I know ' merak etmek' mean 'to worry'.

But how would you say sentences below:


1.) İ'm worry about Emir,he went 12 hours ago and still have not returned.

2.)İ'm worry about you,you are probably sick and you need help.

3.)İ am worry about myself,i am not feeling good and my head is aching.

4.)İ am worry about my car,one guy stoled him.

5.)I am worry about your brother,he is very sad.



*My try:

1.)Emiri merak ediyorum,12 saat önce gitti ama hala dönmedi.

2.)Seni merak ediyorum,hastasın galiba ve yardımı ihtiyacın var.

3.)kendimi merak ediyorum,iyi hissetmiyorum ve başım ağrıyor.

4.)Arabamı merak ediyorum,birisi onu çaldı.

5.)Kardeşini merak ediyorum,o çok üzgündür.*




The main question is how to say 'to worry about someone'.question in bold are my try so i would also appreciate if you can correct me cause i wanna see where i made mistake except this. 

Şimdiden teşekkür ederim


----------



## MetinS

1.)Emiri merak ediyorum,12 saat önce gitti ama hala dönmedi. CORRECT

2.)Seni merak ediyorum,hastasın galiba ve yardımı ihtiyacın var. CORRECT

3.)kendimi merak ediyorum,iyi hissetmiyorum ve başım ağrıyor. We don't say 'kendimi merak ediyorum" but you can say 'endişeleniyorum...  or simply iyi değilim başım ağrıyor. You can say endişeleniyorum about yourself when you are worried to hear something bad about yourself from a doctor or result of an exam etc.

4.)Arabamı merak ediyorum,birisi onu çaldı. CORRECT

5.)Kardeşini merak ediyorum,o çok üzgündür.   'o çok üzgün' is much better, because it implies that it is happening now and that you know that. üzgündür is used when he is like that all the times, or you guess that he is sorry because of something sad happened to him (you are talking in his absence): üzgündür tabii, üzgündür mutlaka,


----------



## ancalimon

I'm worried about you : Senin için endişeleniyorum.
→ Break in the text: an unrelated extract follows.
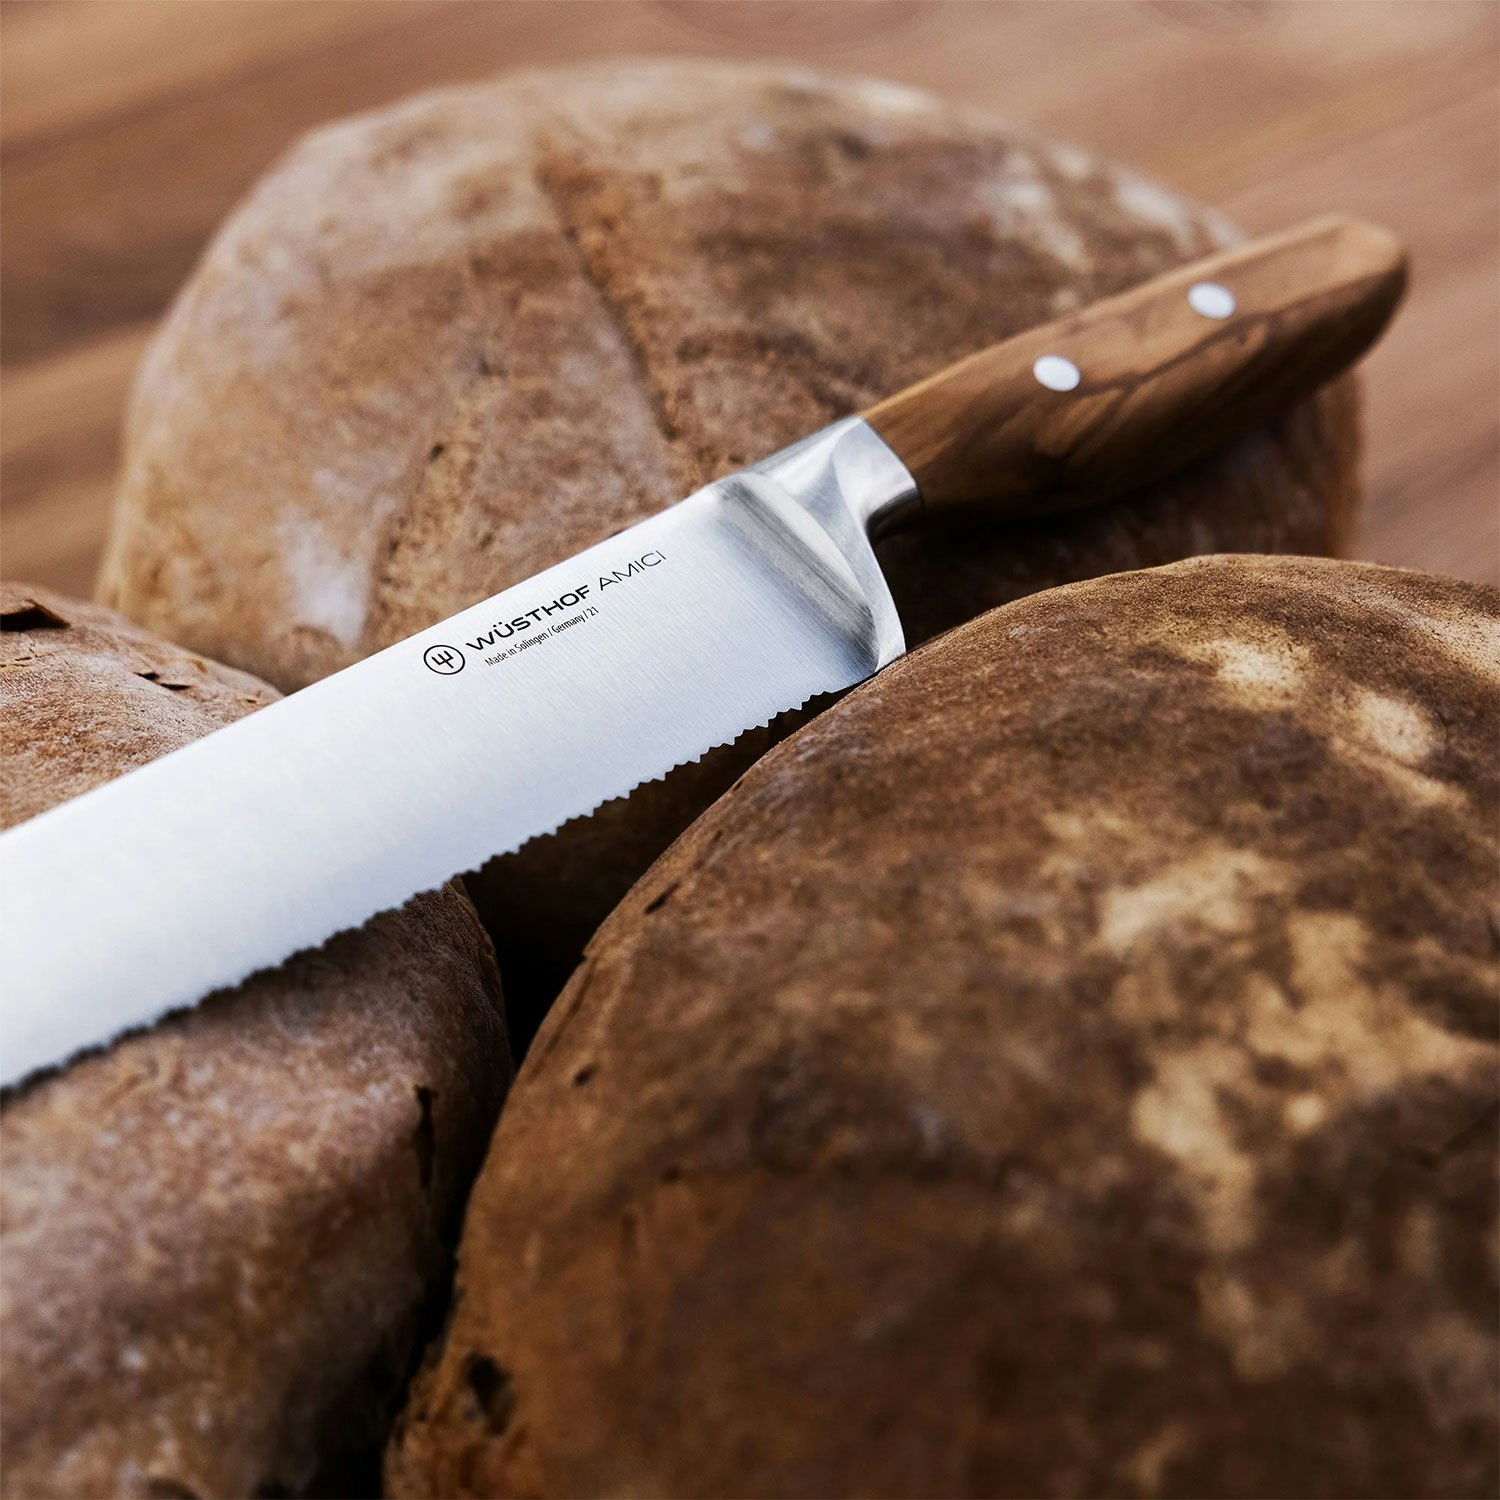 https://royaldesign.com/image/2/wusthof-amici-bread-knife-double-toothed-23-cm-olive-wood-1

merak etmek : to be curious about
merak : curiosity


----------



## FlyingBird

MetinS said:


> 1.)Emiri merak ediyorum,12 saat önce gitti ama hala dönmedi. CORRECT
> 
> 2.)Seni merak ediyorum,hastasın galiba ve yardımı ihtiyacın var. CORRECT
> 
> 3.)kendimi merak ediyorum,iyi hissetmiyorum ve başım ağrıyor. We don't say 'kendimi merak ediyorum" but you can say 'endişeleniyorum...  or simply iyi değilim başım ağrıyor. You can say endişeleniyorum about yourself when you are worried to hear something bad about yourself from a doctor or result of an exam etc.
> 
> 4.)Arabamı merak ediyorum,birisi onu çaldı. CORRECT
> 
> 5.)Kardeşini merak ediyorum,o çok üzgündür.   'o çok üzgün' is much better, because it implies that it is happening now and that you know that. üzgündür is used when he is like that all the times, or you guess that he is sorry because of something sad happened to him (you are talking in his absence): üzgündür tabii, üzgündür mutlaka,


İ thought it won't be correct.Can you explain why it is 'seni merak ediyorum' instead of 'senin için merak ediyorum' or they are both correct?

seni merak ediyorum is like saying 'i worry you' instead of 'i worry *about* you'?


----------



## MetinS

senin için meraklanıyorum
seni merak ediyorum

these are both correct way of saying 'I am worried about you'
'senin için merak ediyorum' is not correct


----------



## FlyingBird

MetinS said:


> senin için meraklanıyorum
> seni merak ediyorum
> 
> these are both correct way of saying 'I am worried about you'
> 'senin için merak ediyorum' is not correct


İ don't get what 'meraklanmak' mean.Why is the rule to use it whit *benim için / senin için / murat'ın için *etc,and why not the same rule as 'merak etmek'?


----------



## Black4blue

FlyingBird said:


> İ don't get what 'meraklanmak' mean.Why is the rule to use it whit benim için / senin için /* murat için*etc,and why not the same rule as 'merak etmek'?



It's about characteristic differences of languages. We don't use"_worry_"with "_about_" in Turkish, bu English speakers use it with _"about"_.

*Meraklanmak=merak etmek*
*-lan/-len = *a suffuix that makes verb from noun


----------